The Mitochondrial mitoNEET Ligand NL-1 Is Protective in a Murine Model of Transient Cerebral Ischemic Stroke.

Pharm Res 2021 May 12;38(5):803-817. Epub 2021 May 12.

Department of Pharmaceutical Sciences, School of Pharmacy, West Virginia University, 1 Medical Center Drive, Morgantown, West Virginia, 26506, USA.

Purpose: Therapeutic strategies to treat ischemic stroke are limited due to the heterogeneity of cerebral ischemic injury and the mechanisms that contribute to the cell death. Since oxidative stress is one of the primary mechanisms that cause brain injury post-stroke, we hypothesized that therapeutic targets that modulate mitochondrial function could protect against reperfusion-injury after cerebral ischemia, with the focus here on a mitochondrial protein, mitoNEET, that modulates cellular bioenergetics.
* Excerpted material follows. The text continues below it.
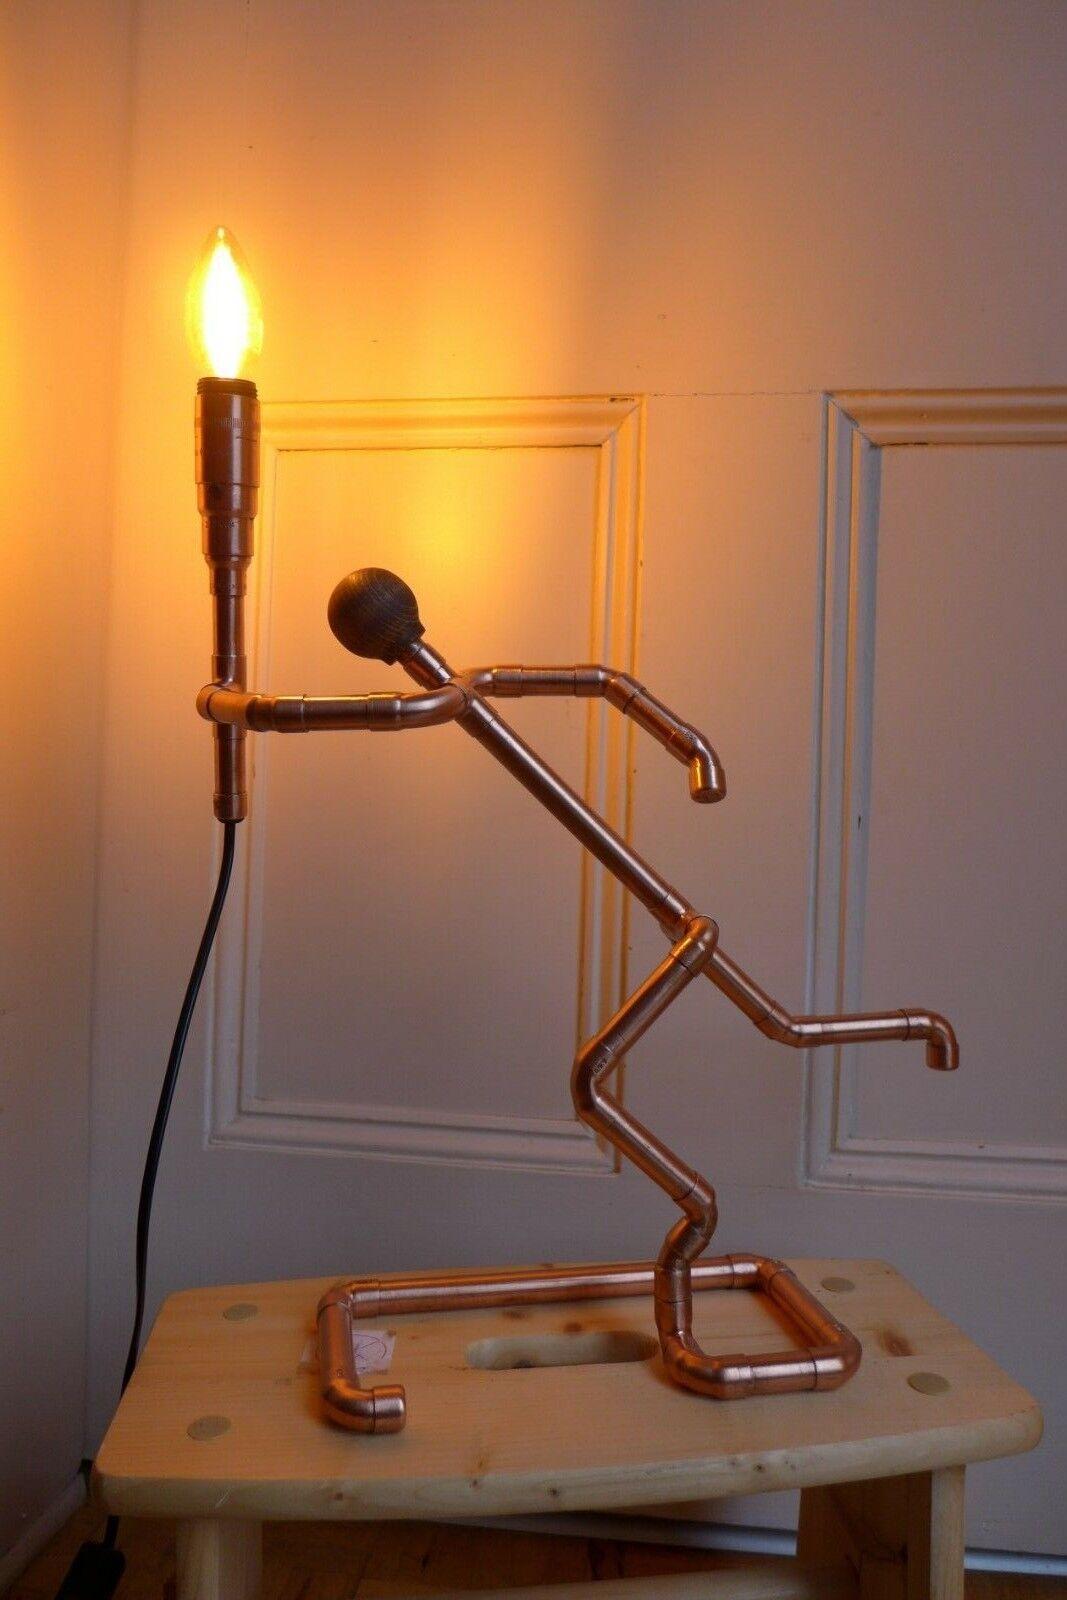 Copper man table lamp design handmade home cottage barn farm pub loft art HQ P3

Method: In this study, we evaluated the pharmacology of the mitoNEET ligand NL-1 in an in vivo therapeutic role for NL-1 in a C57Bl/6 murine model of ischemic stroke.

Results: NL-1 decreased hydrogen peroxide production with an IC of 5.95 μM in neuronal cells (N2A). The in vivo activity of NL-1 was evaluated in a murine 1 h transient middle cerebral artery occlusion (t-MCAO) model of ischemic stroke. We found that mice treated with NL-1 (10 mg/kg, i.p.) at time of reperfusion and allowed to recover for 24 h showed a 43% reduction in infarct volume and 68% reduction in edema compared to sham-injured mice. Additionally, we found that when NL-1 was administered 15 min post-t-MCAO, the ischemia volume was reduced by 41%, and stroke-associated edema by 63%.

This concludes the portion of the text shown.